_EXTRACTED RECORDS_
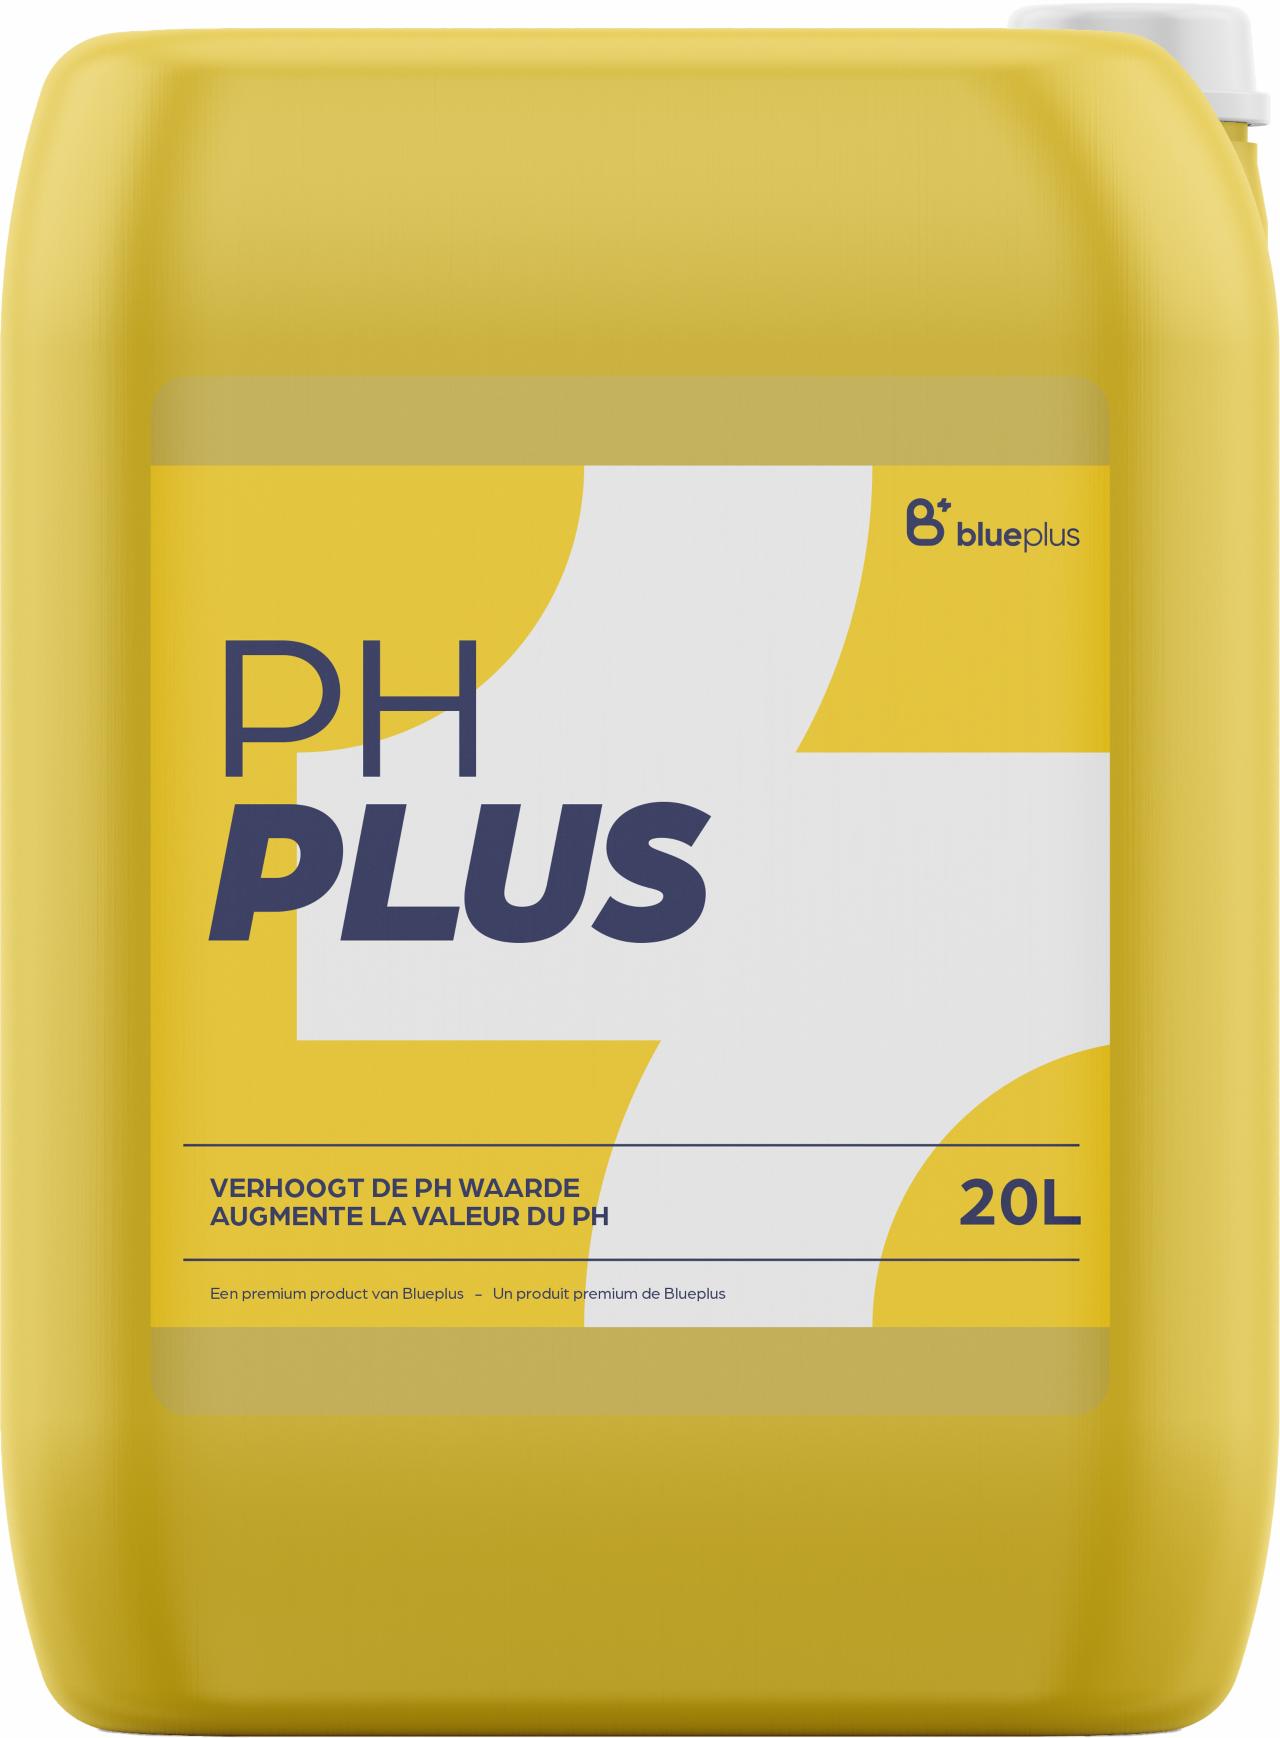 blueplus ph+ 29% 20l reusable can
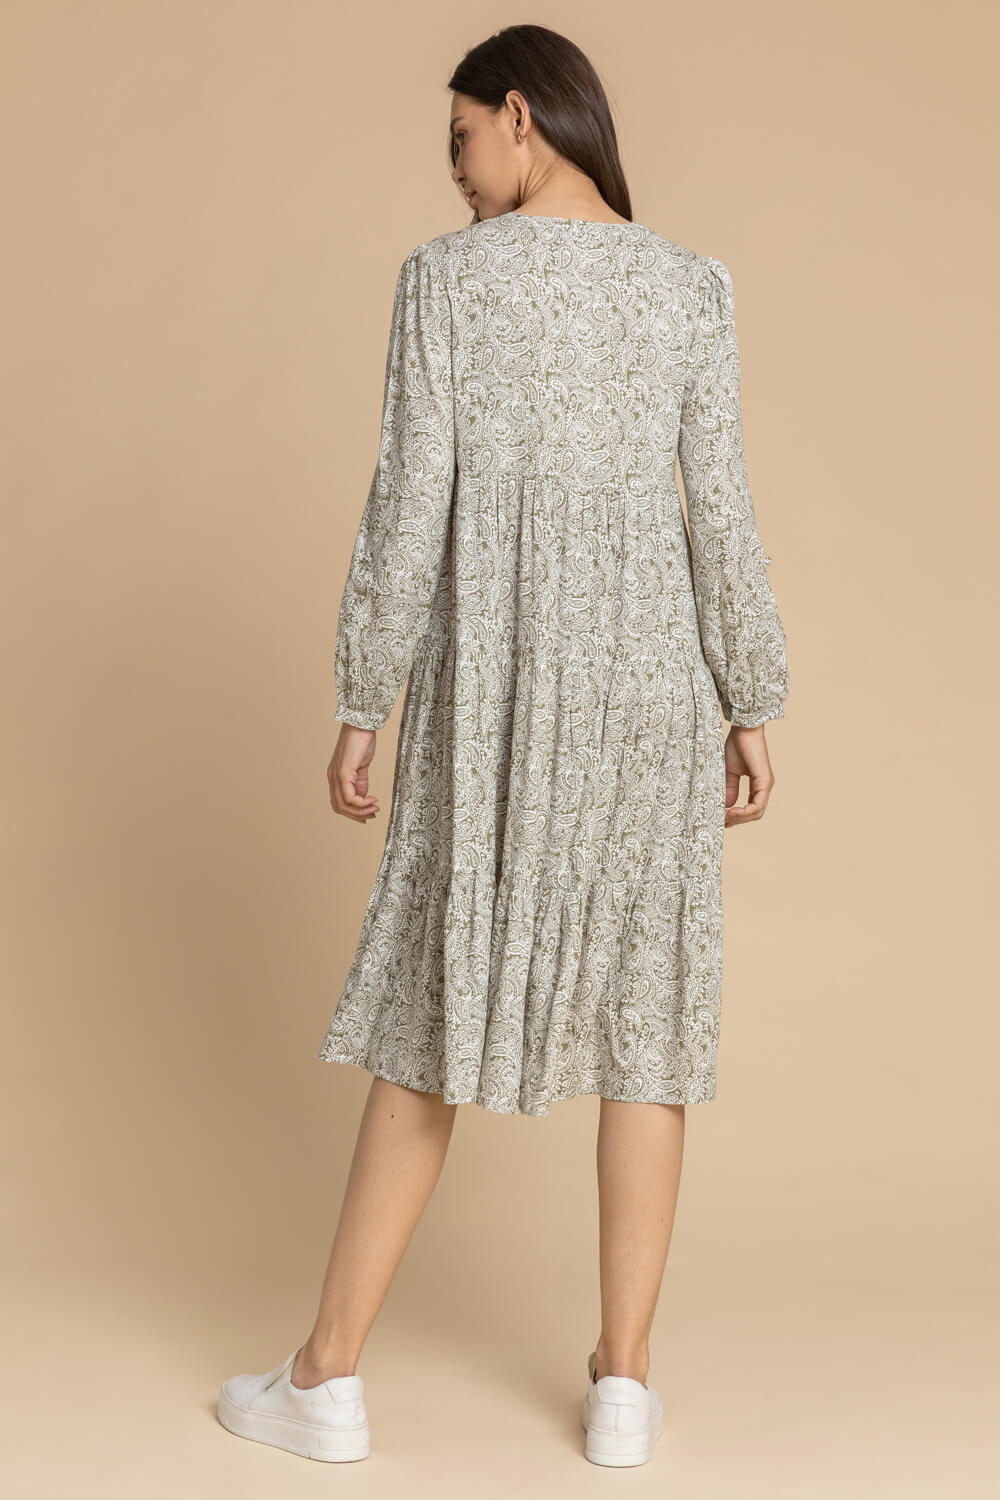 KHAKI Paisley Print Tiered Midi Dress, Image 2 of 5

* * *

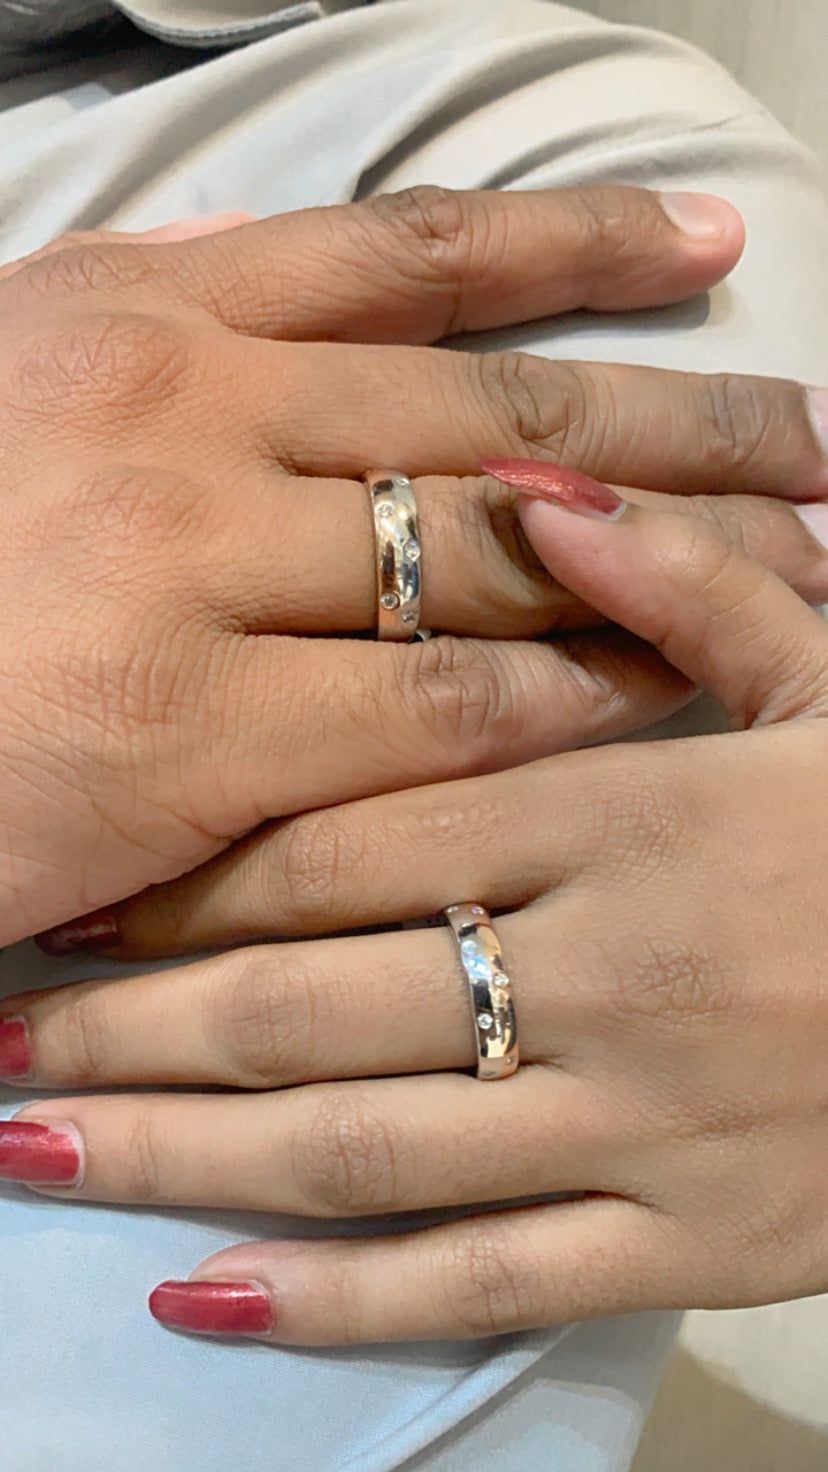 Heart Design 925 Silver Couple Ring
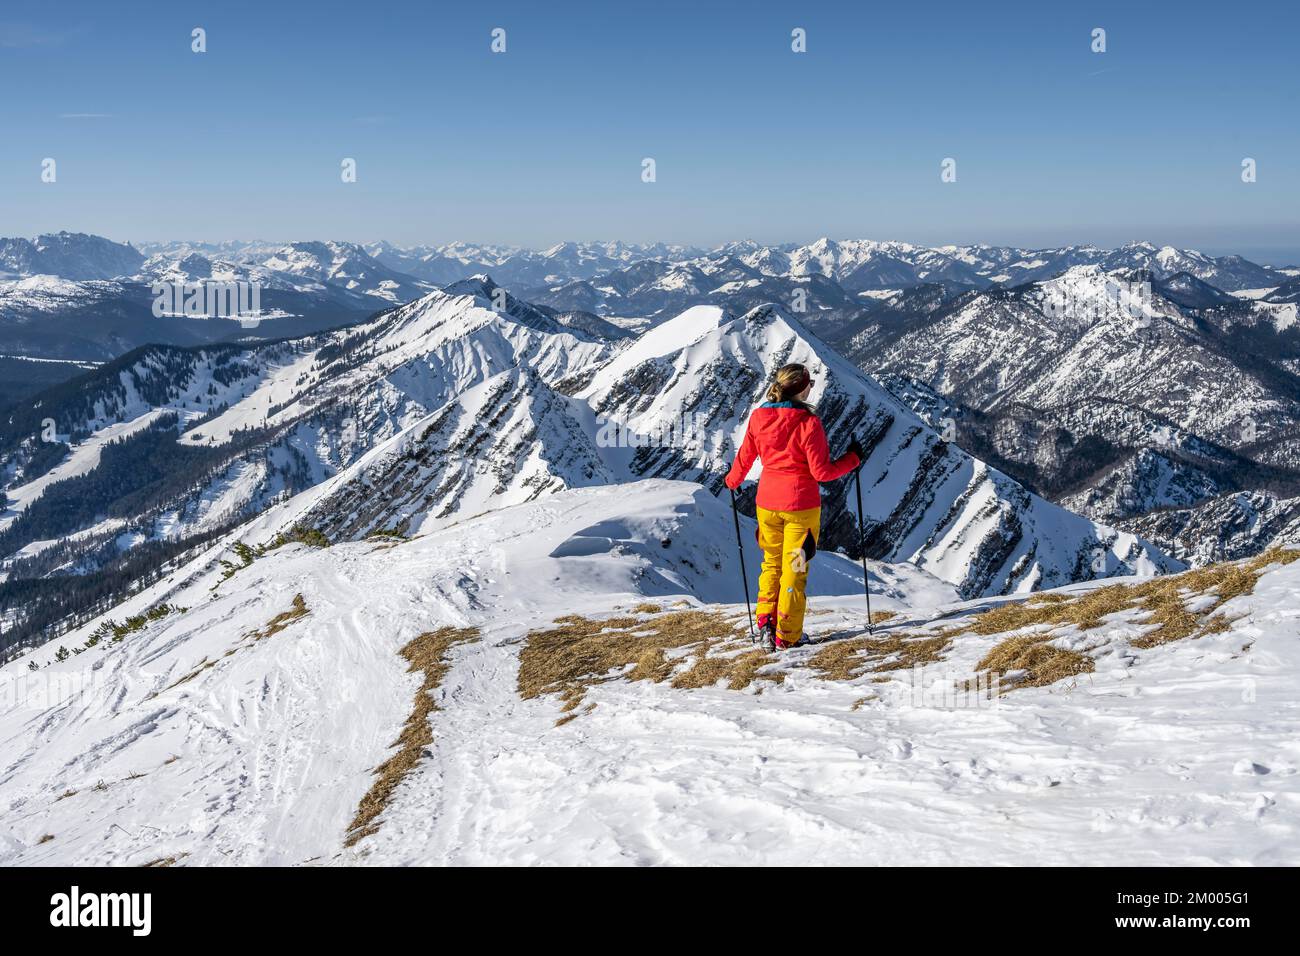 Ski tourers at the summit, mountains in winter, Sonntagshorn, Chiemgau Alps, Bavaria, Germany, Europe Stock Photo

_EXERCISE OBJECTIVE_
Start with the line with "blueplus ph+ 29% 20l reusable can" in the listing above and stop after the line with "KHAKI Paisley Print". Write out exactly the lines in that stretch and no others, without pictures.

_ANSWER FOR THIS EXERCISE_
 blueplus ph+ 29% 20l reusable can
 KHAKI Paisley Print Tiered Midi Dress, Image 2 of 5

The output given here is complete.